One of the most meaningful workshops I went to, was accidental. I had heard from one of my classmates that an essayist was going to be in a room upstairs and across campus, when I had gotten there, a small sign on the door told me she was moved downstairs and back across campus. With two minutes left to get in a class and me, being a small anxious 9th grader, didn’t want to walk into a workshop late, have everybody’s eyes on me and leave a bad first impression. So, I turned around to the next door, hoping that there was a workshop going on in there. It was Teri Grimm’s workshop, a local poet, who I hadn’t paid any attention to before that very moment.
Much of the workshop consisted of us, me and the other people in the room, picking a small stone from a bag, with our eyes closed. And then, with our eyes still closed, we wrote how the stone felt; the stone I was holding was small, no bigger than the pit of a peach, but it was fairly heavy, like a few quarters in my hand, and it was smooth and very cold, I tried to warm it up between my palms.
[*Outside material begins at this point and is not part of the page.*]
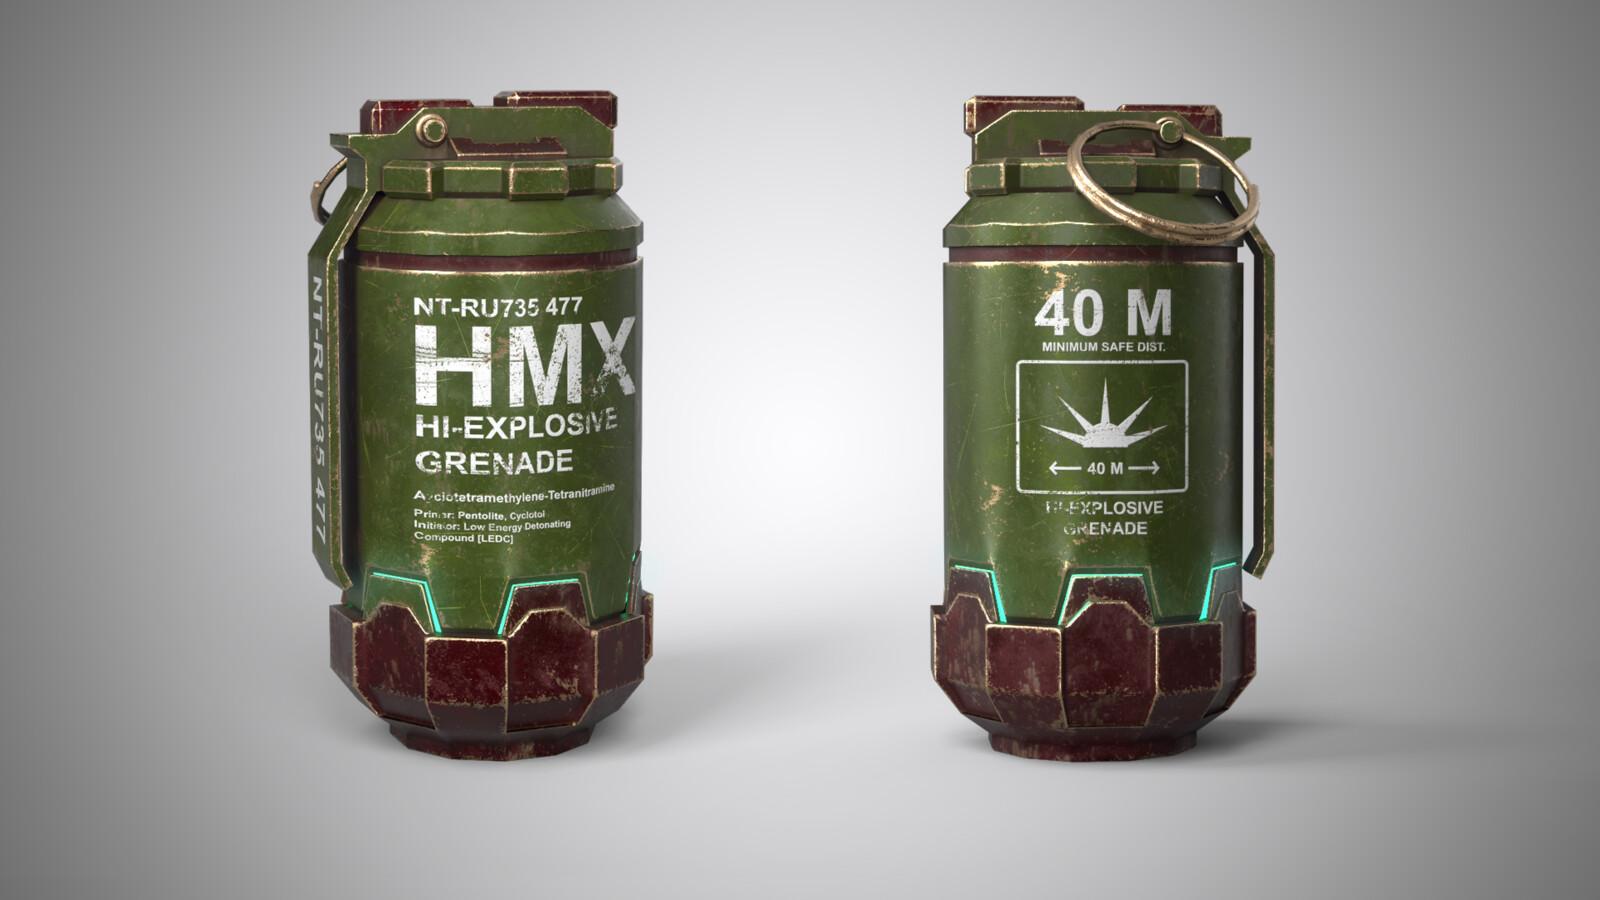 Green Grenade!

Then, she wanted us to open our eyes and write what it didn’t obviously look like, mine was grey in an obvious way, but if you were to look closely there were streaks of whites and somewhat purple colors, to me it looked like the rolling clouds of a thunderstorm, or a water cup murky from paint, less pretty but more accurate.
The workshop could be described as ‘odd’, but it could also be described as ‘supercalifragilisticexpialidocious’; before going to the workshop I didn’t realize how important it was to focus your detail and attention on other sensory details, rather than what is obviously being seen, that a whole world isn’t really created without smell, taste, touch, and sound. If you give the reader, or even yourself as the writer, only what you see, you only paint a picture, something they can look at, they are never really there with you without being able to hear what you hear, and how you hear it.